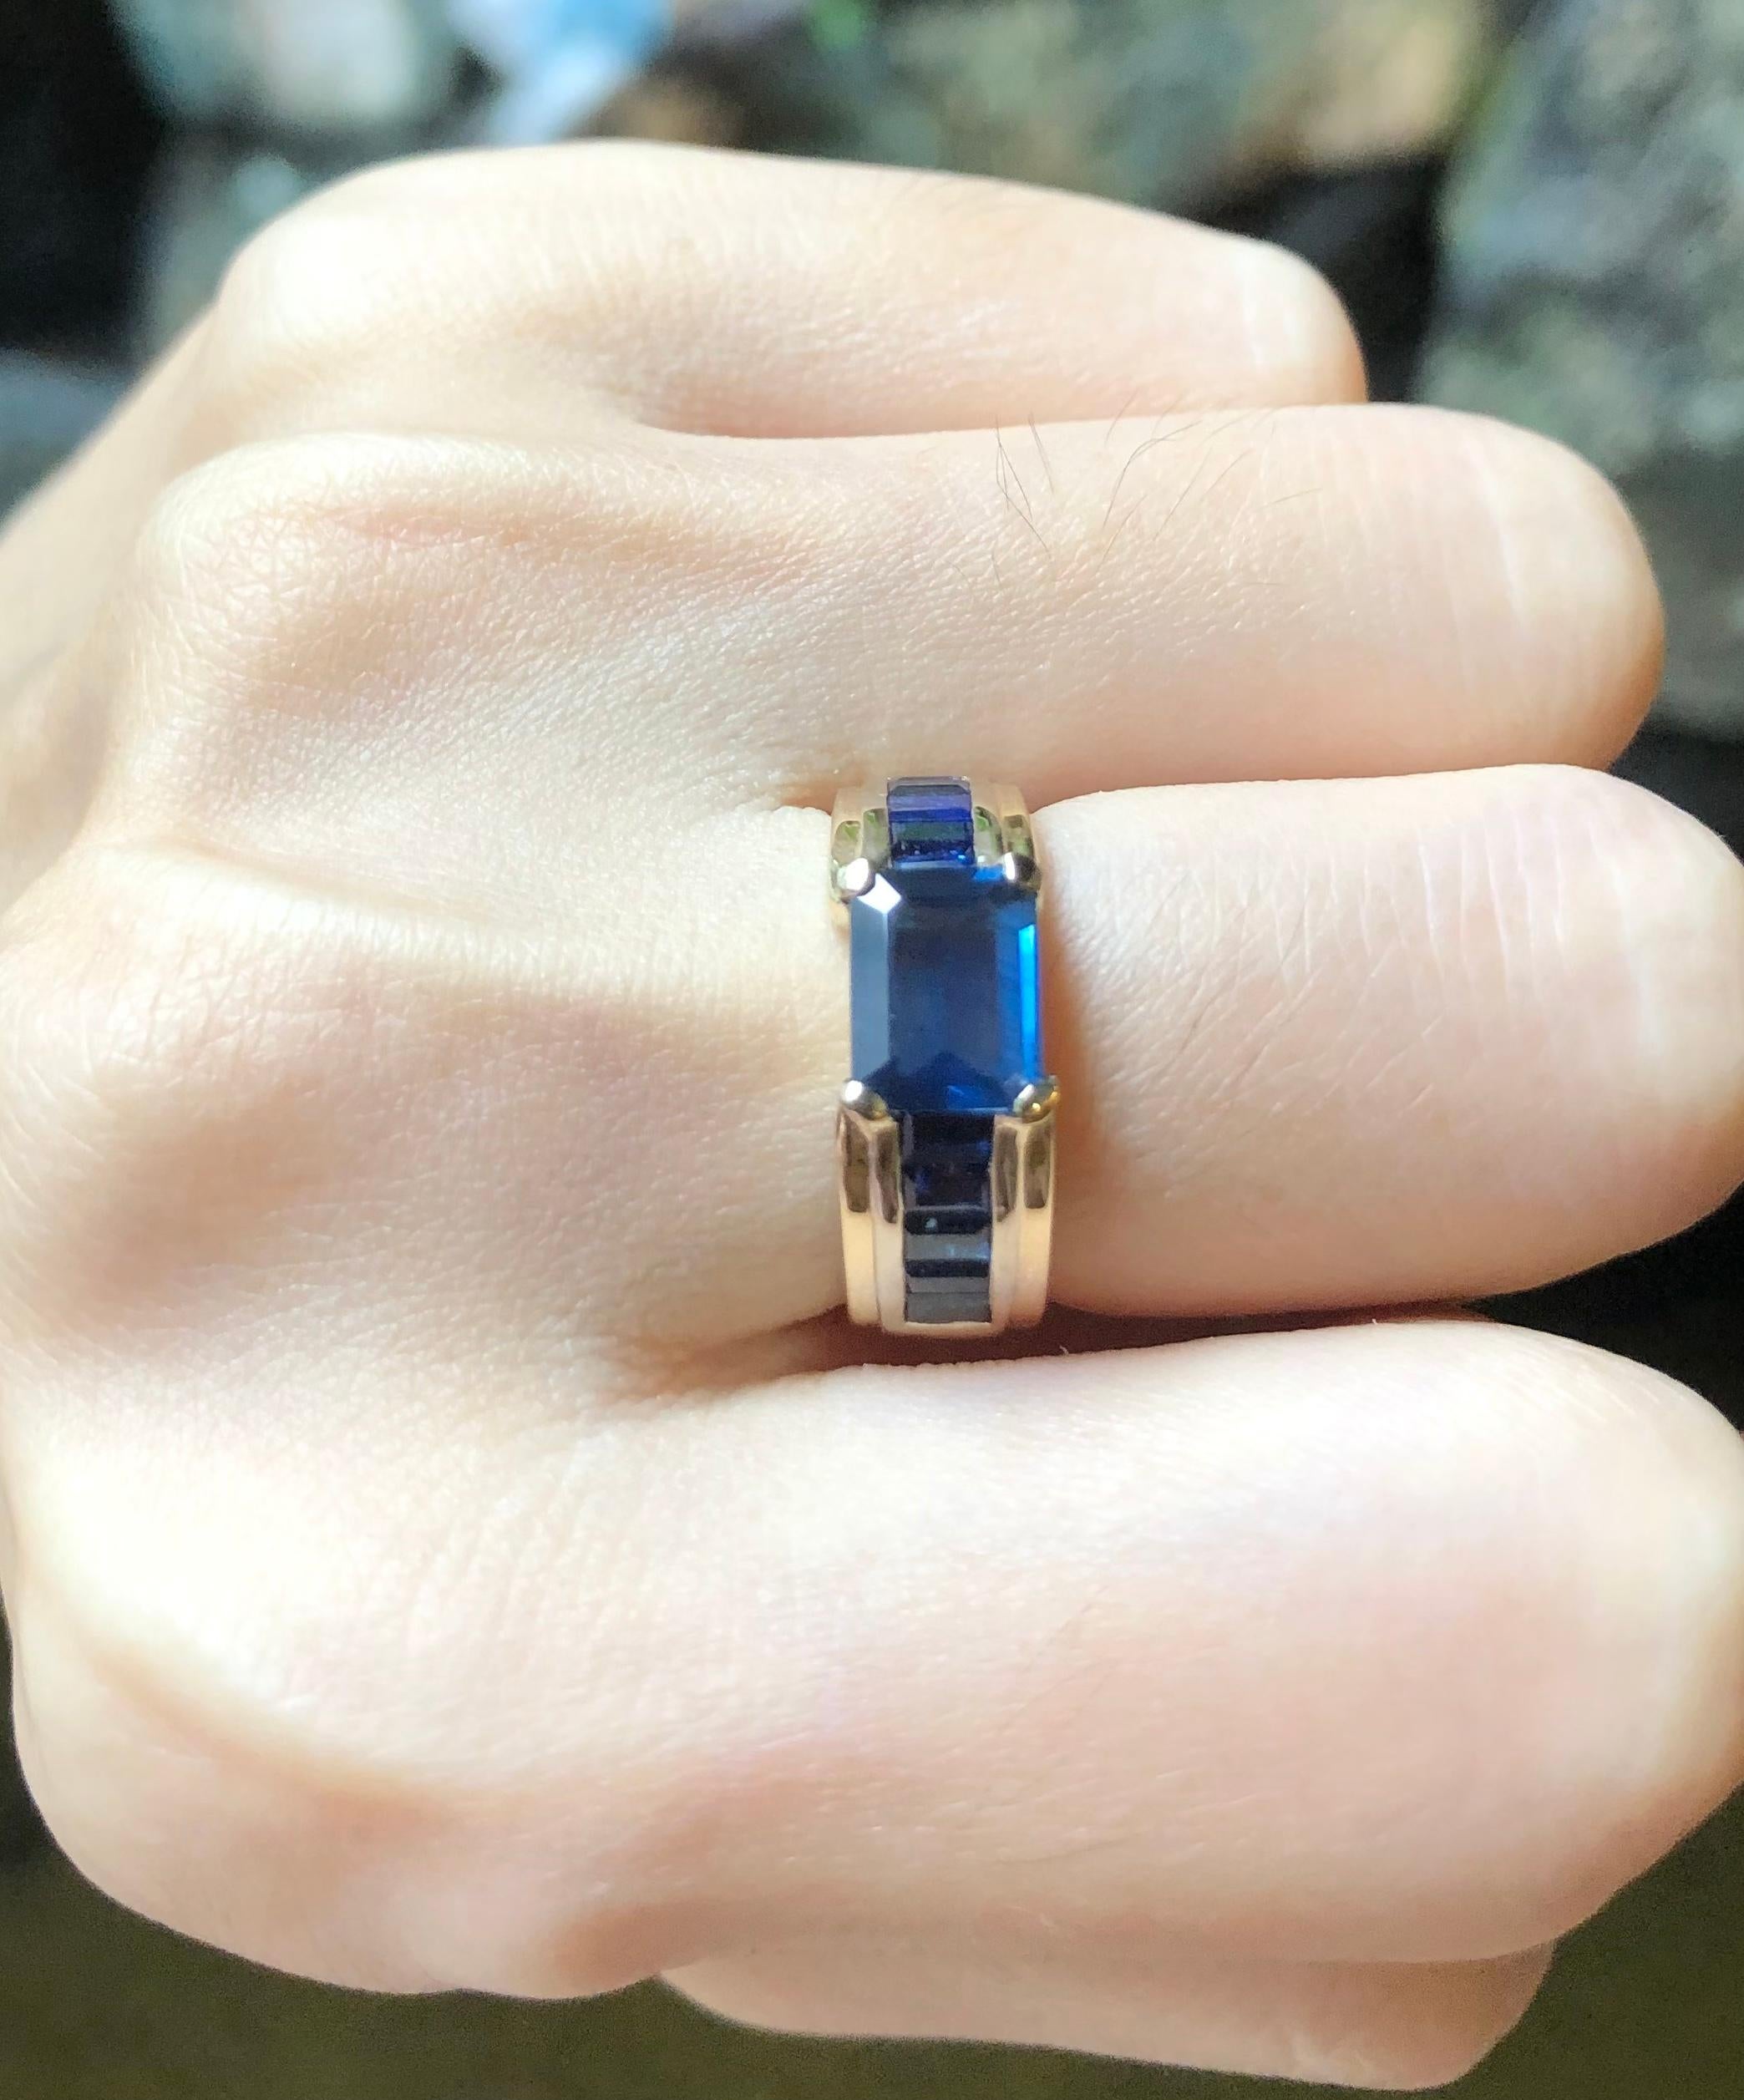 Blue Sapphire 1.29 carats with Blue Sapphire 1.20 carats Ring set in 18 Karat Gold Settings

Width:  0.8 cm 
Length: 0.7 cm
Ring Size: 50
Total Weight: 6.86 grams

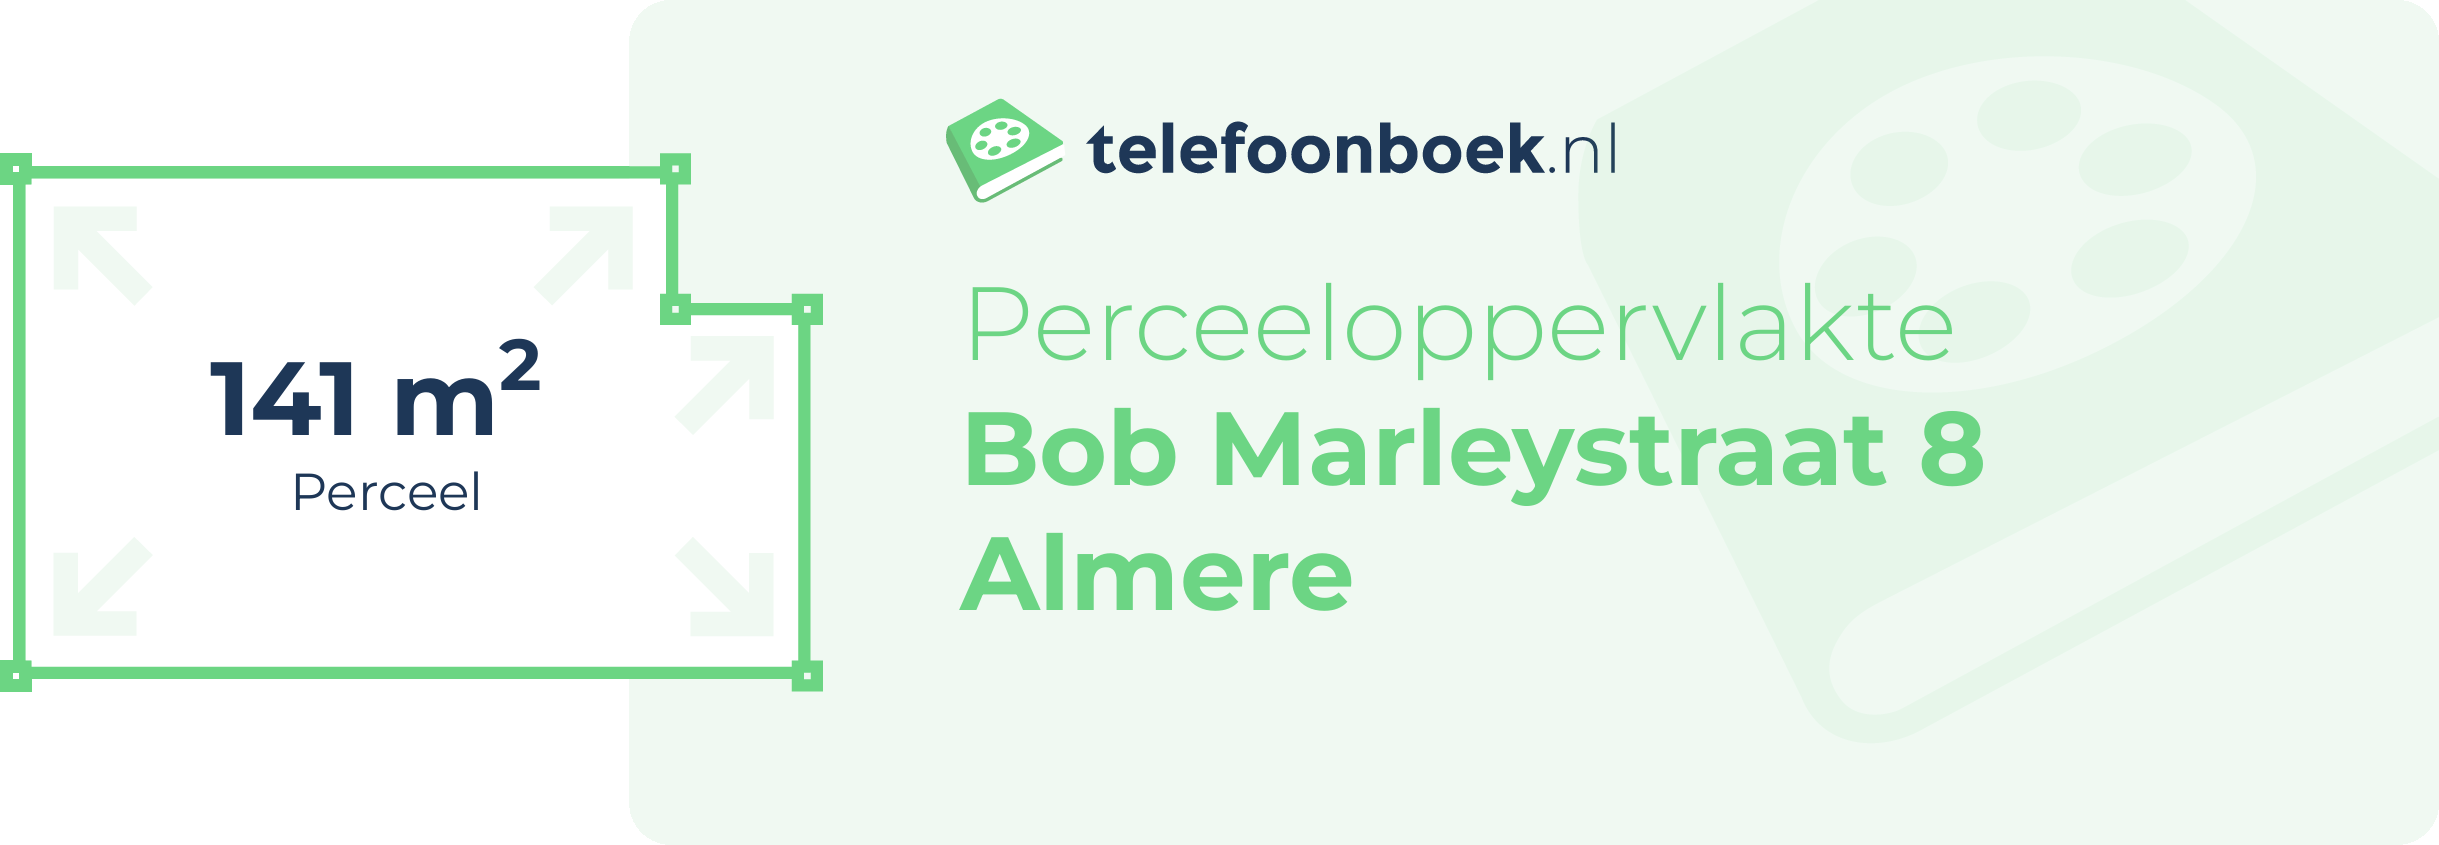 Perceeloppervlakte Bob Marleystraat 8 Almere
○ ○ ○
# Task directions
From the first line to the last, reproduce the records above exactly and skip the pictures.

# Response
 Blue Sapphire 1.29 carats with Blue Sapphire 1.20 carats Ring set in 18 Karat Gold Settings

Width:  0.8 cm 
Length: 0.7 cm
Ring Size: 50
Total Weight: 6.86 grams

 Perceeloppervlakte Bob Marleystraat 8 Almere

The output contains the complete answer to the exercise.